How do we deal with this?  Classic advice to people with hearing loss has been to get sufficient sleep and be well rested, reduce stress, and to take breaks as needed in energy-sapping listening environments. To these general but not-always-achievable goals, let’s add:

  • Choose positive communication environments with adequate light and a minimum of noise, when possible. If you know a restaurant is dark and noisy, simply don’t go there – choose a better venue.
  • Limit dinners with friends/family to between two and six people, preferably seated at a round table for easier communication.
  • Be open about your hearing loss needs – there is no substitute for this guideline. By being honest, you automatically reduce your listening efforts by sharing responsibility for good communication with the other person or people.
  • It really does help to exercise your eyeballs to give them a break from so much staring. Here are four common ways to reduce eye strain that are taught in speechreading classes and are summarized in this article from Yoga International: palming, eyeball rolling, focus shifting and distance gazing.

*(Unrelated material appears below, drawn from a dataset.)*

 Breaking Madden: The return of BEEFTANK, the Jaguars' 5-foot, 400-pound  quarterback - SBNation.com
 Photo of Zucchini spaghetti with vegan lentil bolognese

Do you have anything more to add to this list? Let me know. In the meantime, as you can see by the above picture, my eyes need to close for a while so I can get rid of jet lag.

  1. Take frequent breaks… anyone who knows me well knows that I’m apt to disappear for short periods of time. Auditory overload comes often to a lipreader, so there comes a point where I simply have to go off by myself to a place where there isn’t much to stimulate my senses. It’s a bit of a decompression break. And, as you say, there will come a point where recovery isn’t possible and you just have to call it day.

    A few years ago I traveled to the place I grew up for the funeral of a close friend’s father. The day of the funeral started early and was an emotional and draining day. Congregating afterwards, at family member’s house, we all sat around outside talking with friends we hadn’t seen for long periods of time. As the evening dimmed, I wasn’t able to follow the conversation and everyone noticed. Because my friends are sensitive to my hearing loss, they took charge and moved the large group out to the barn in a well-lighted area. However, I continued to struggle because of the physically and emotionally exhausting day. I finally had to make my exit, explaining that while the move to better lighting was so much appreciated, I simply didn’t have the energy to concentrate any longer, and I had reached the point where tiredness trumps skill.